Steel, concrete, wood — what things are made of and why
Part A · the three properties that define every material
Strength
How much force before it permanently deforms or breaks. Measured in megapascals (MPa) — force per area.
Rubber~10 MPa
Concrete (compression)~30 MPa
Aluminium alloy~270 MPa
Structural steel~400 MPa
Carbon fibre composite~1,500 MPa
Stiffness (Young's modulus)
How much it resists being stretched or compressed. A stiff material bends little under load. Measured in GPa.
Rubber~0.01 GPa
Wood (along grain)~10 GPa
Concrete~30 GPa
Aluminium~69 GPa
Steel~200 GPa
Toughness vs brittleness
Tough = absorbs energy before fracture (steel, rubber). Brittle = breaks suddenly with little warning (glass, ceramic, cast iron).
Key insight: High strength ≠ tough.
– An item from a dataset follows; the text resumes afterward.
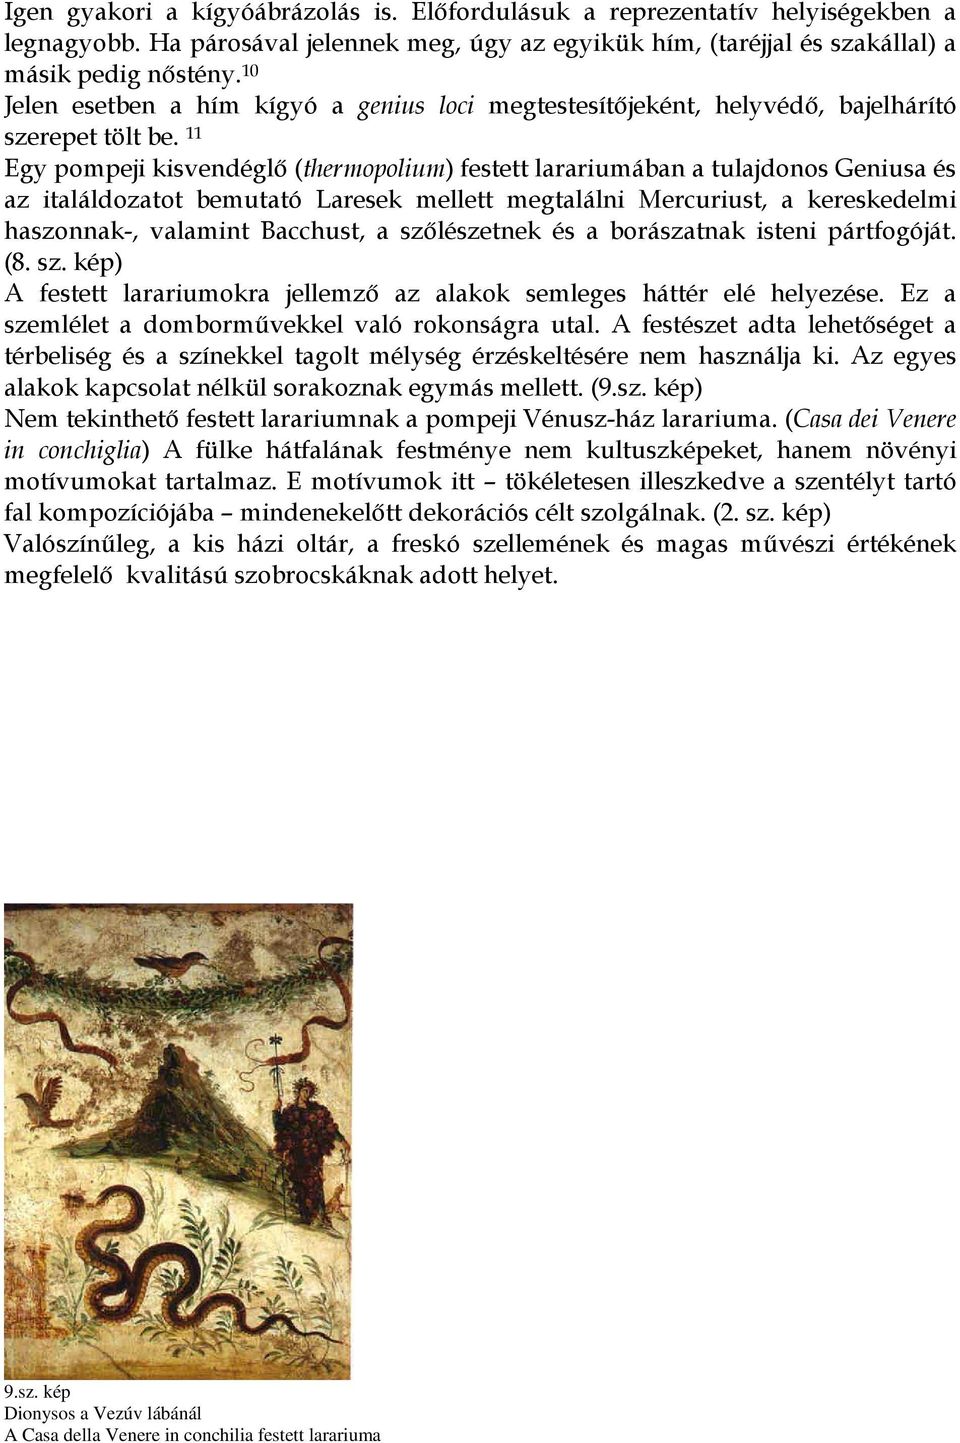 11 Egy pompeji kisvendéglő (thermopolium) festett larariumában a tulajdonos Geniusa és az italáldozatot bemutató Laresek mellett megtalálni Mercuriust, a kereskedelmi haszonnak-, valamint Bacchust, a

Diamond is the hardest known natural material but extremely brittle — hit it with a hammer and it shatters. Steel is less hard but far tougher.
Stress–strain curves — what they actually look like
Each curve tells the full story of a material from gentle loading to catastrophic failure.
Stress–strain curves for four common materials. Glass fractures with almost no plastic deformation — brittle. Steel has a clear yield point then a long plastic zone before failure — tough. Rubber stretches enormously before breaking.
Part B · the main materials — why we use each one
Steelbackbone of civilisation
Density
7,850 kg/m³
Heavy — 7.85× denser than water
Tensile strength
~400–800 MPa
Varies widely by alloy and heat treatment
Melting point
~1,370–1,540°C
Harder to work than aluminium, but much stronger
Why steel: Strong, tough, weldable, and cheap. Used in buildings, bridges, ships, cars, railways, appliances, and tools. The great workhorse. Downside: heavy and rusts without protection (stainless steel adds chromium to prevent this). The world produces ~1.9 billion tonnes of steel per year — more than all other metals combined.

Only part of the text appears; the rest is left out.